──────── Data segment ────────
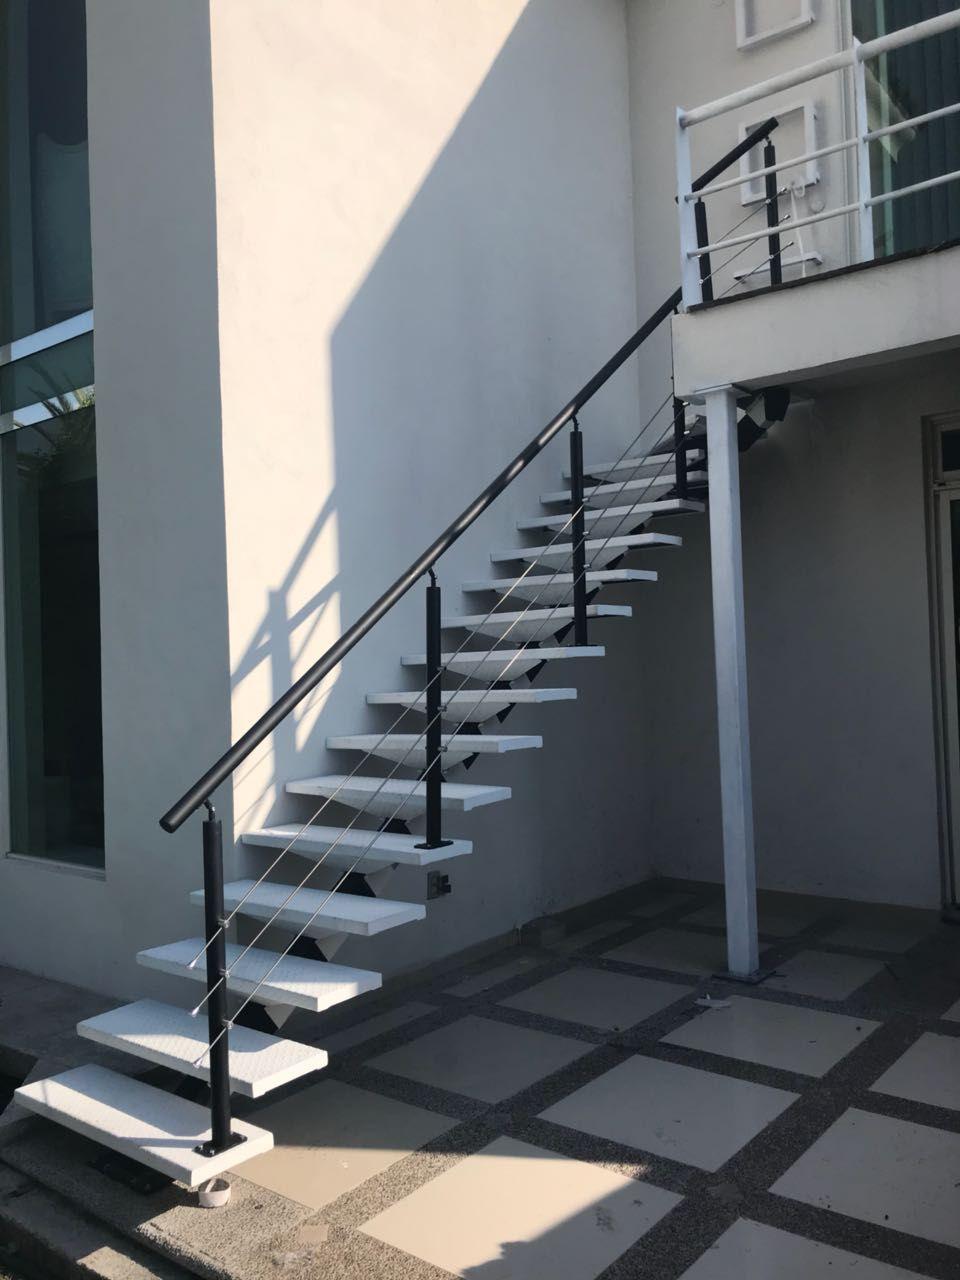 Escalera modelo bonampak con barandal especial met lica for Escalera metalica para exteriores
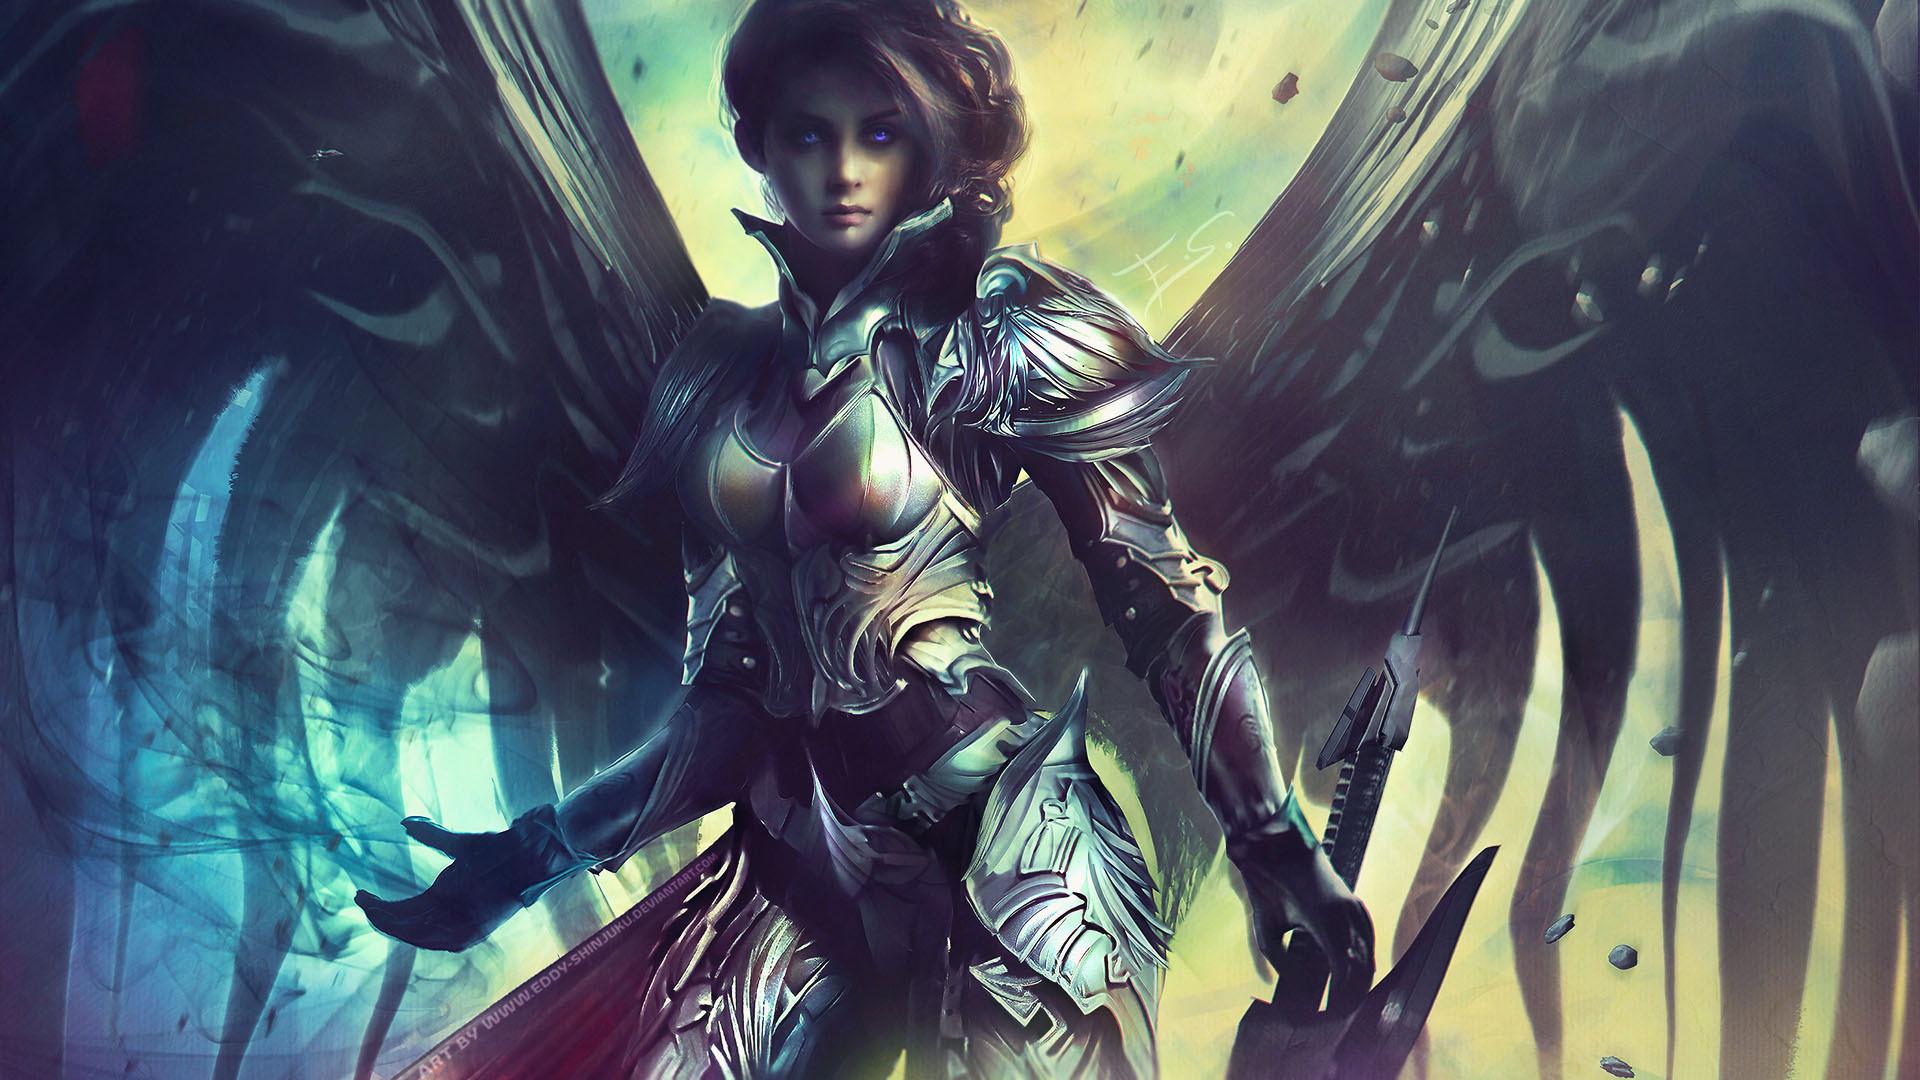 Dark Angel Female Warrior wallpaper from Warriors wallpapers
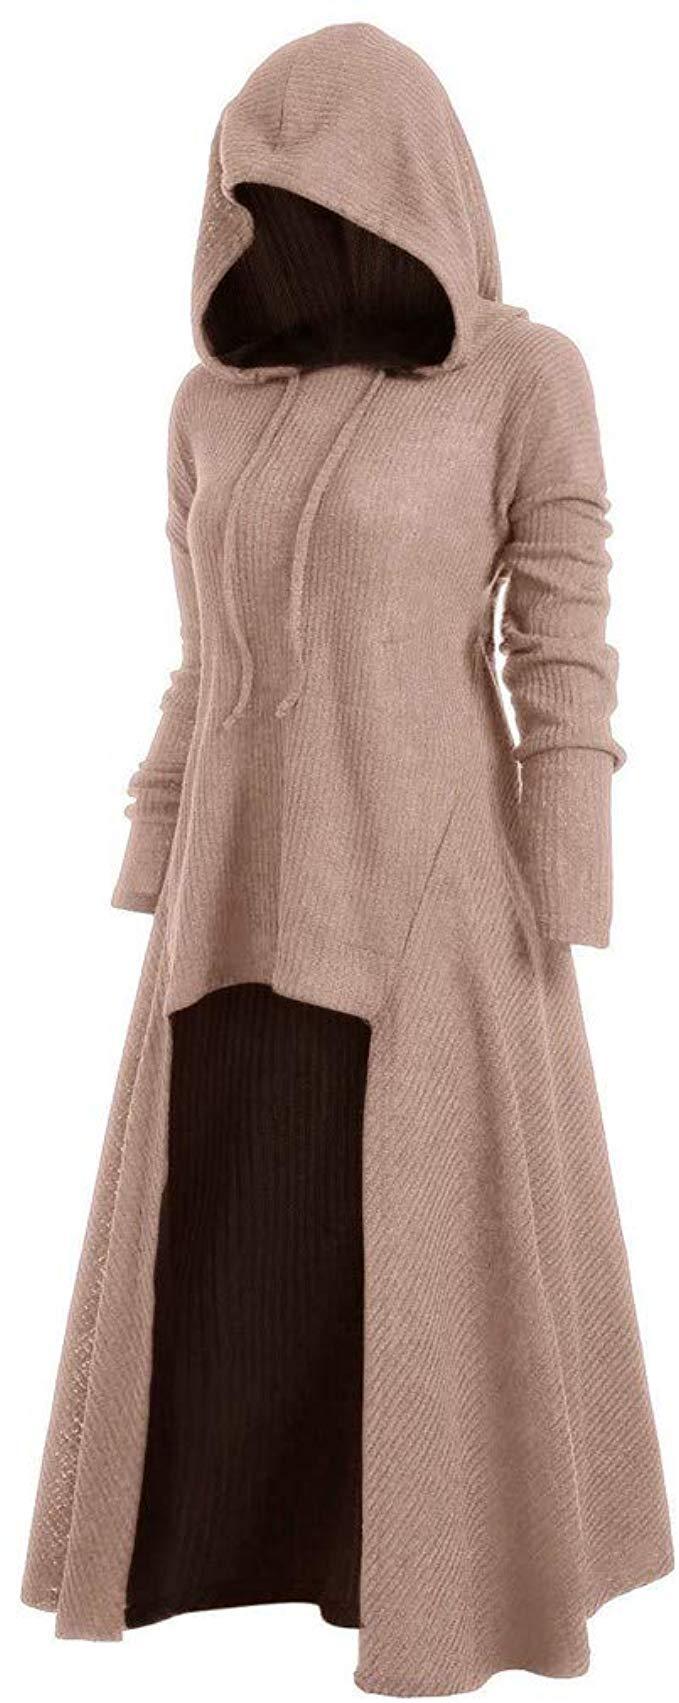 Women Hooded Sweatshirt Dress Long Sleeve Medieval Vintage Lace Up High Low Cloak Robe Xxxl Pink At Amazon Hooded Sweatshirt Dress Sweatshirt Dress Fashion [ 1703 x 679 Pixel ]
────────
The lines from the one containing "Dark Angel Female" through the final line of the data are to be repeated exactly, with both ends included and all pictures left out.

Expected output:
 Dark Angel Female Warrior wallpaper from Warriors wallpapers
 Women Hooded Sweatshirt Dress Long Sleeve Medieval Vintage Lace Up High Low Cloak Robe Xxxl Pink At Amazon Hooded Sweatshirt Dress Sweatshirt Dress Fashion [ 1703 x 679 Pixel ]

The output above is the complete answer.